_COLLECTED MATERIAL:_
╔══

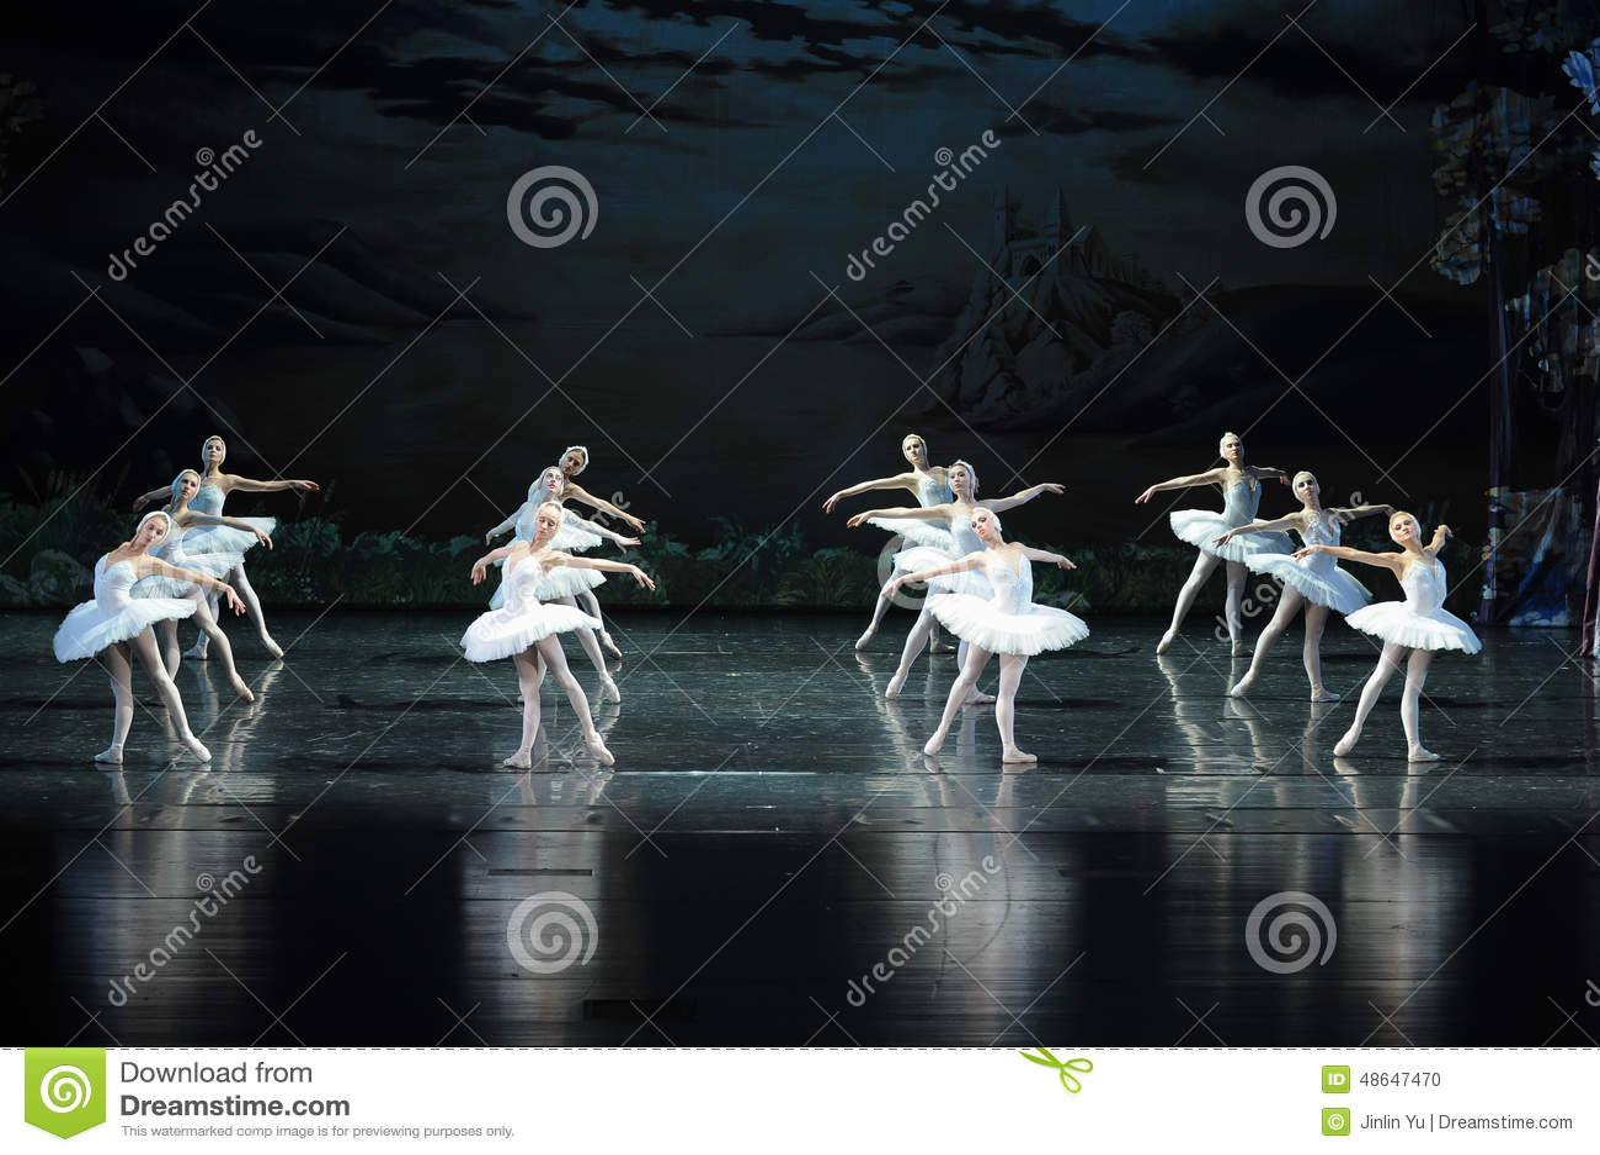 Den rumsrena svanlag-balett svan sjön
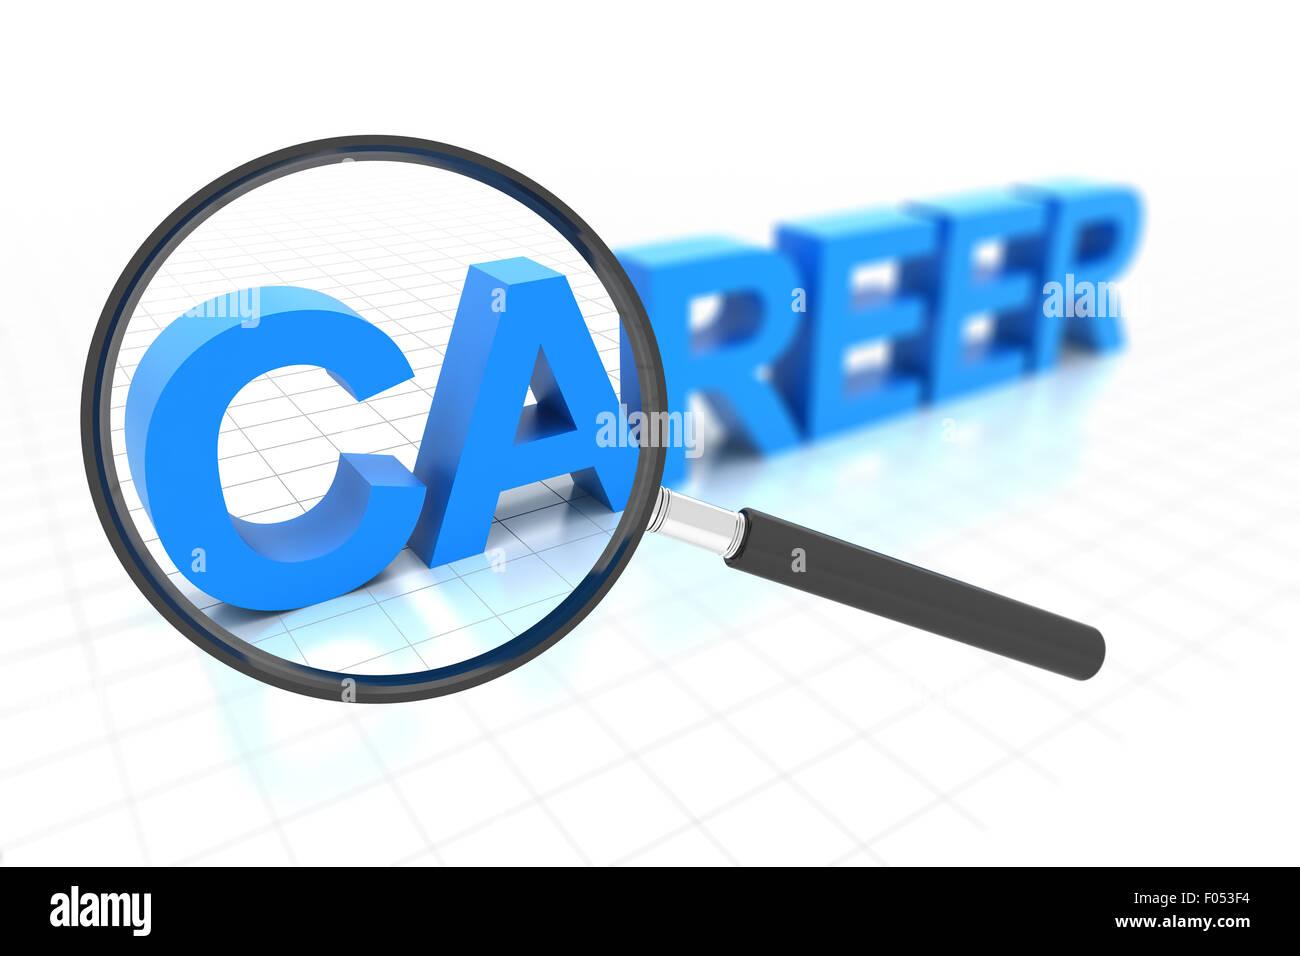 Cerca di cancellare il percorso di carriera Immagini Stock
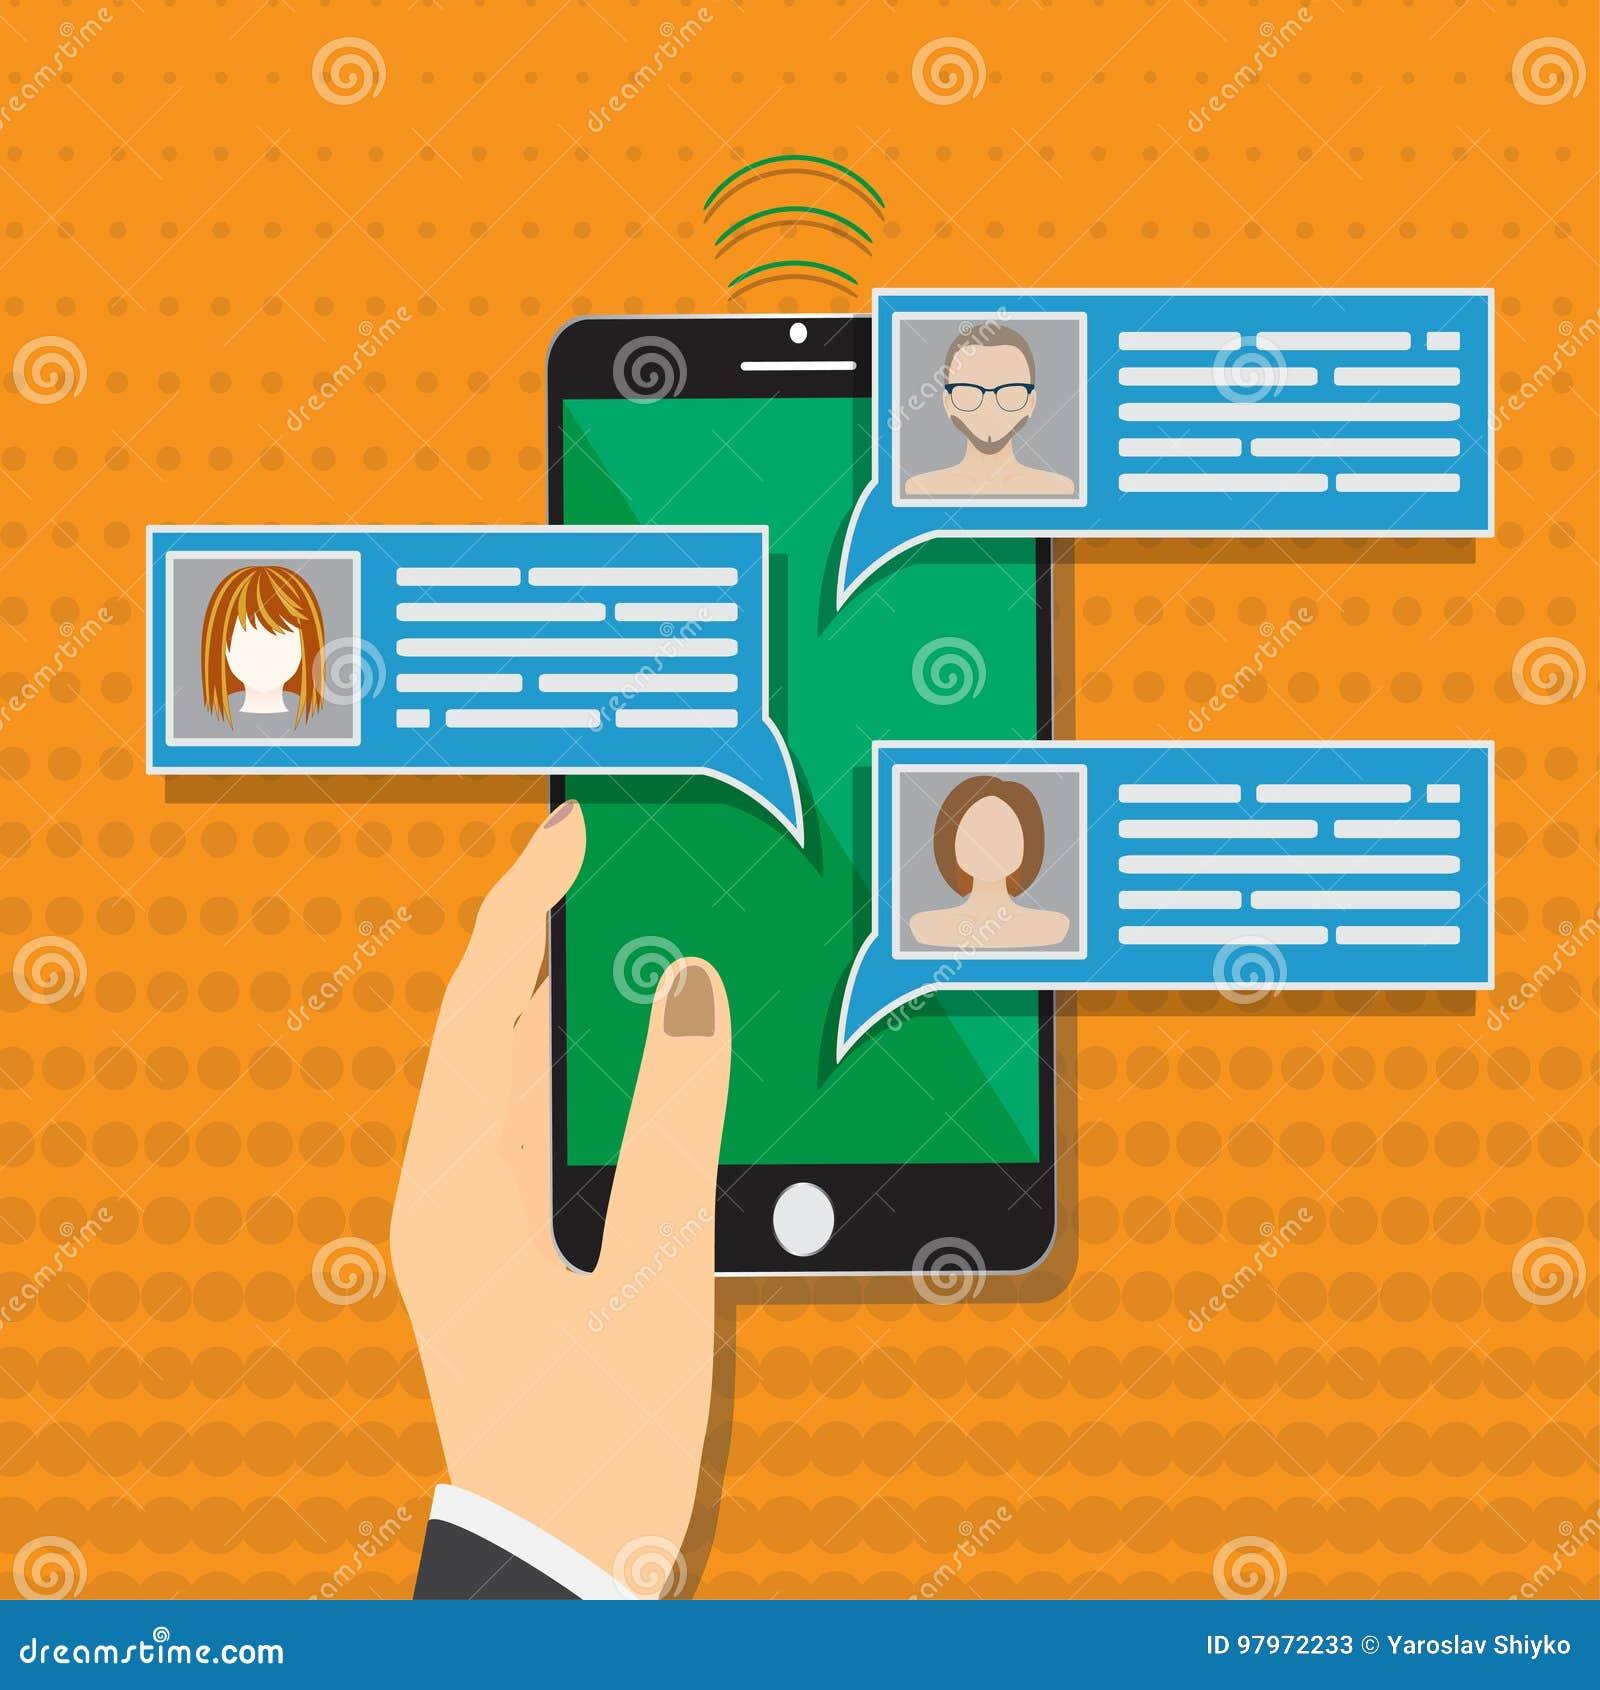 Уведомления сообщения болтовни мобильного телефона vector иллюстрация на предпосылке цвета, руке с smartphone

╚══

_WORK INSTRUCTION:_ If a picture falls within the span, leave it out, and reproduce exactly the lines from the one containing "Cerca di cancellare" through the end of the material, and no others.

_YOUR SOLUTION:_
 Cerca di cancellare il percorso di carriera Immagini Stock
 Уведомления сообщения болтовни мобильного телефона vector иллюстрация на предпосылке цвета, руке с smartphone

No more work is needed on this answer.